→ **TASK INSTRUCTIONS**
Print out the data that follows exactly, character for character, apart from the pictures.

→ **INFORMATION SHOWN**
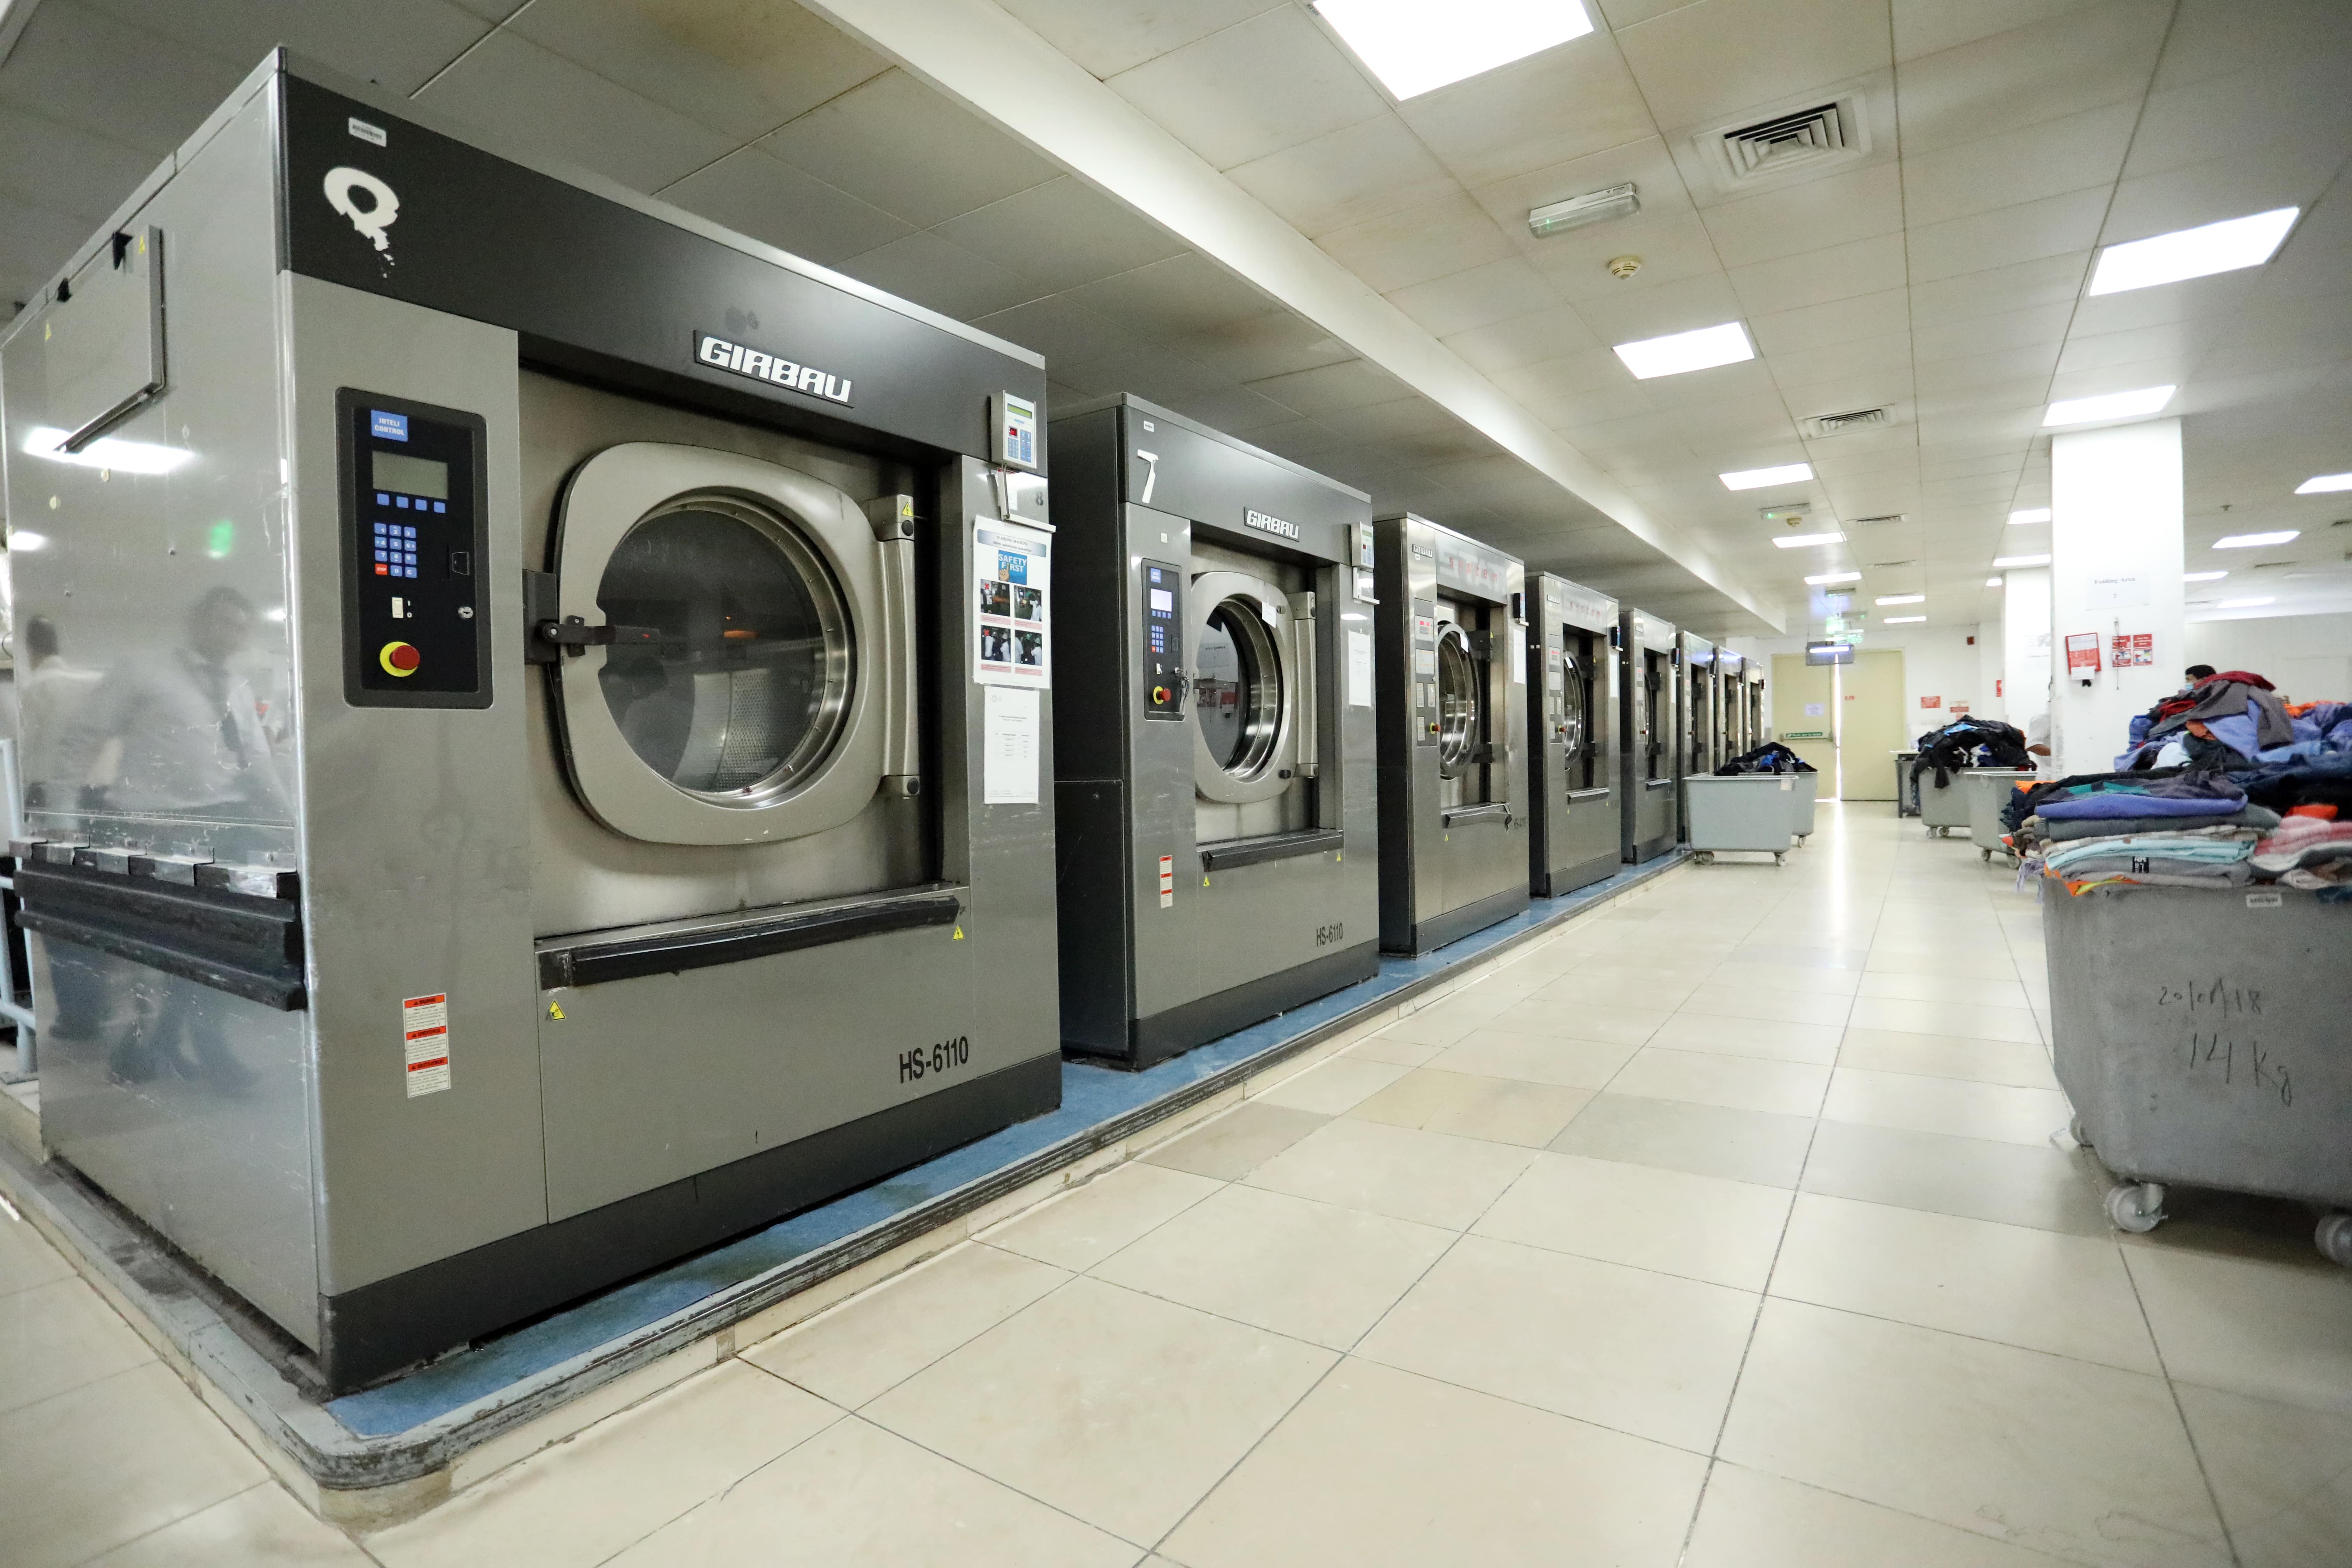 AlRaha Automatic Laundry Service
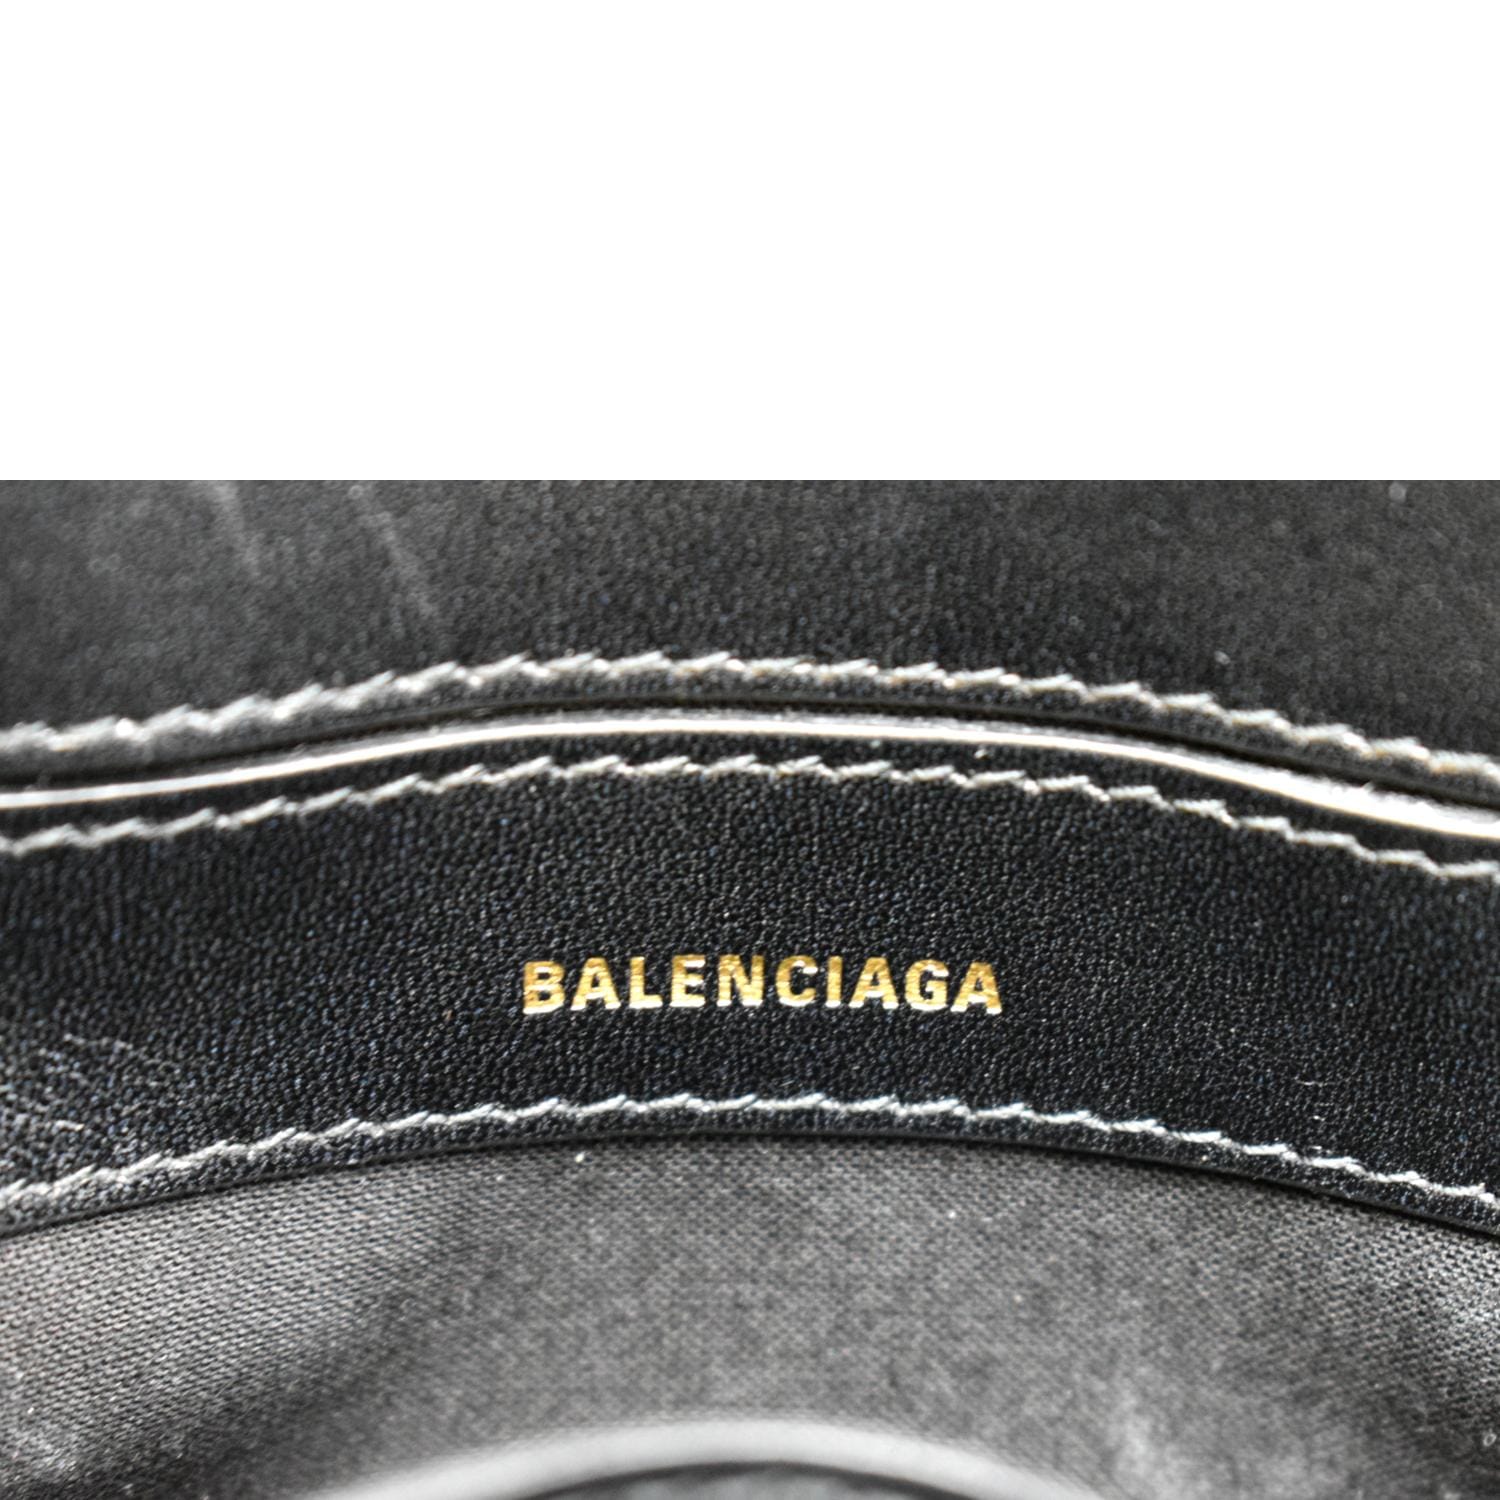 Balenciaga Ville Xxs Leather Top Handle Bag in Black
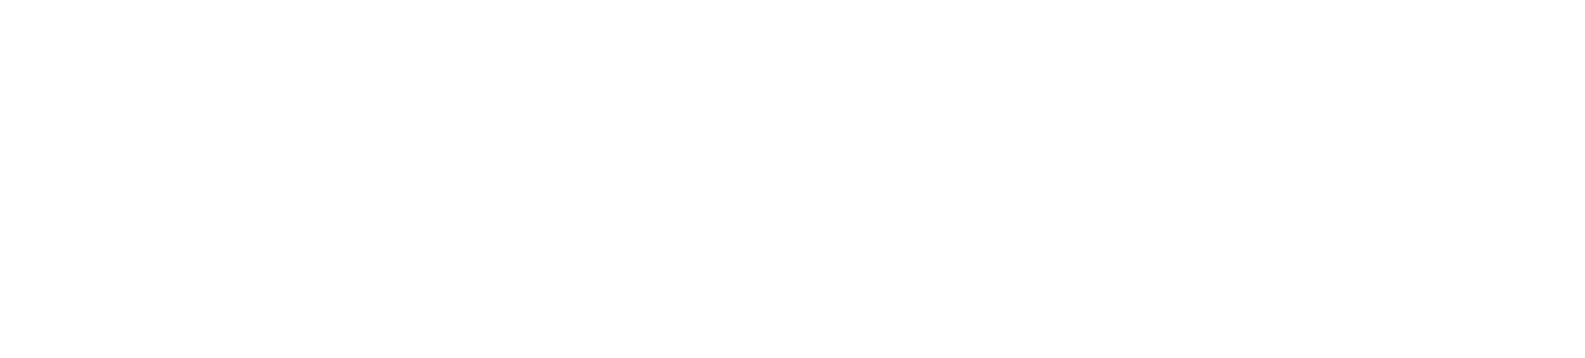 ALBA SE logo grand pour les fonds sombres (PNG transparent)
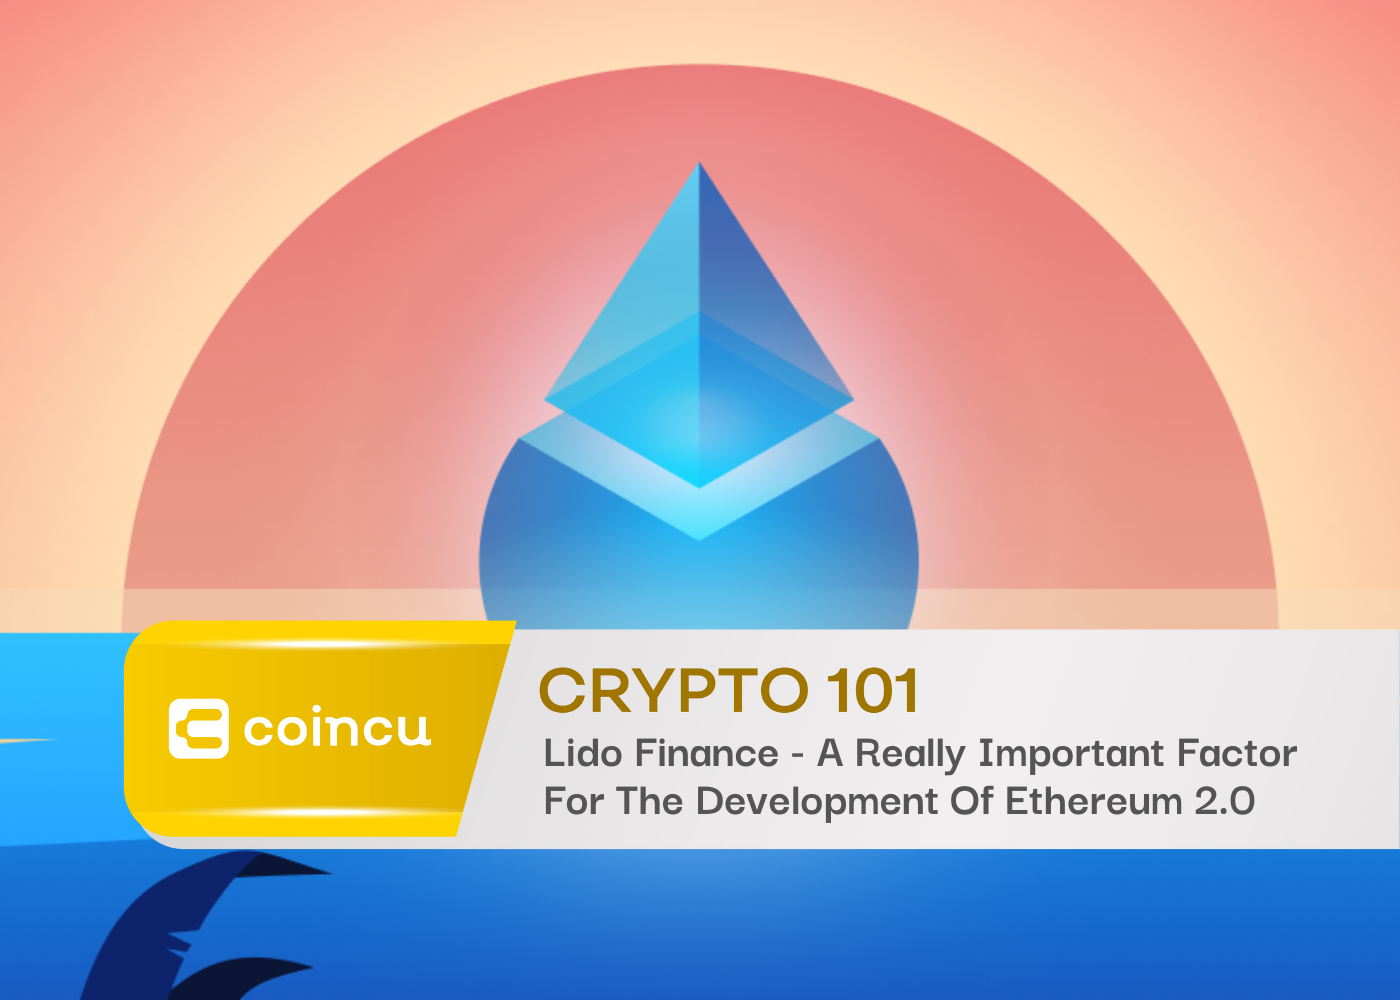 Lido Finance - Un facteur vraiment important pour le développement d'Ethereum 2.0

→ **TASK OUTPUT**
 AlRaha Automatic Laundry Service
 Balenciaga Ville Xxs Leather Top Handle Bag in Black
 ALBA SE logo grand pour les fonds sombres (PNG transparent)
 Lido Finance - Un facteur vraiment important pour le développement d'Ethereum 2.0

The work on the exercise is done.